Shawshank Redemption Prison yard [my lawyer fucked me]

 

 

 

 

 

 

“What’ch you in here for?”

“Armed Robbery.”

“Guilty?”

“Nope.  My lawyer fucked me.”

- from The Shawshank Redemption

 

Buried in the news this past week was a compelling story that personifies the degree to which the men and women of Wall Street and the financial world continue to evade responsibility for the personal destruction of trillions of dollars worth of shareholders wealth, all the while continuing to collect millions of dollars in compensation as they simultaneously took bailouts from American taxpayers, and avoid prosecution for their criminally fraudulent  behavior.

“There is no individual liability in this case; there is no evidence that any individual is culpable.”

- Bank of America’s statement in a federal court filing

A U.S. District Court Judge thinks otherwise. 

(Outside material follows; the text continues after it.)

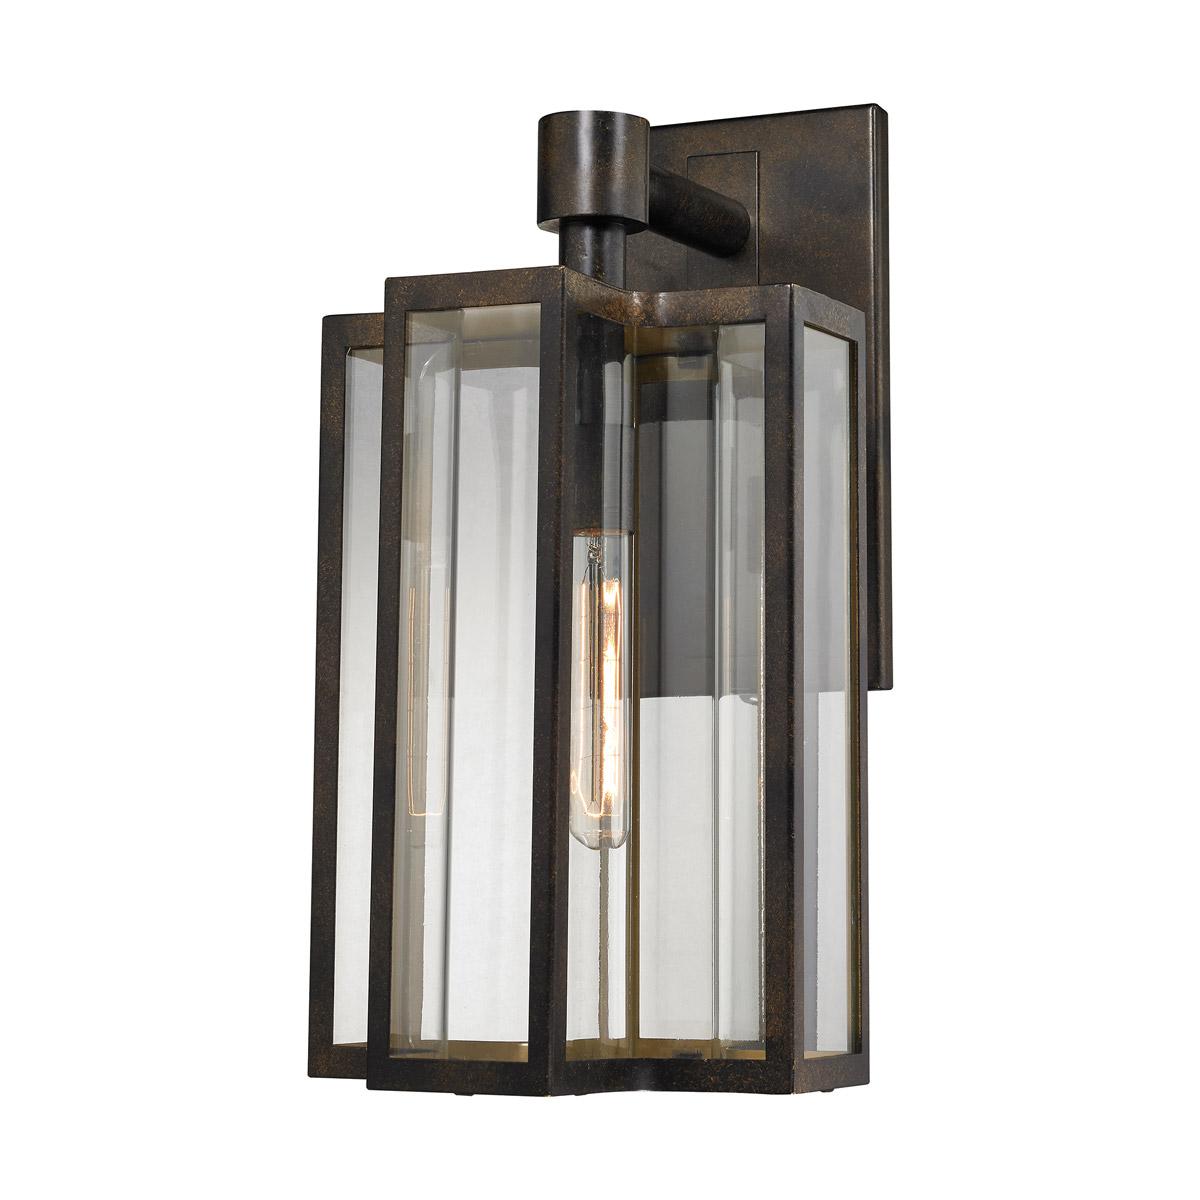 ELK Lighting, Modern Outdoor Lighting, Brooklyn, Accentuations Brand, Furniture by ABD

When Bank of America (BoA) was in the process of acquiring Merrill Lynch after the financial meltdown late last year, it intentionally failed to disclose to it’s shareholders that millions of dollars in executive bonuses where being paid to Merrill Lynch executives.  When BoA tried to settle it’s litigation with the Securities and Exchange Commission (SEC) for $33 million this week over it’s corporate malfeasance, guess who they blamed?

Their lawyers! 

The federal judge overseeing the case viewed all of this with a healthy degree of skepticism, and questioned why the SEC was NOT prosecuting even one of the BoA executives for it’s failure to disclose this bonus payout arrangement to it’s shareholders, intimating that someone is responsible for leaving that important piece of information out of an SEC document regarding financial disclosures.  BoA executives say they authorized the filing of the disclosure upon the advice of staff and outside counsel, and that it was the lawyers that prepared the document.   The judge rejected the settlement and decided that all BoA had to do was waive attorney-client privilege  – - presumably so that an inquiry could be made to determine who advised BoA to file the document, what did the executives know (or should have known).

Now BoA is defiantly refusing to waive attorney-client privilege.  Why?

Sounds like their lawyers not only screwed BoA, they all now likely screwed themselves and one another.  

Oh damn, that pesky law of unintended consequences even applies to “really smart people”.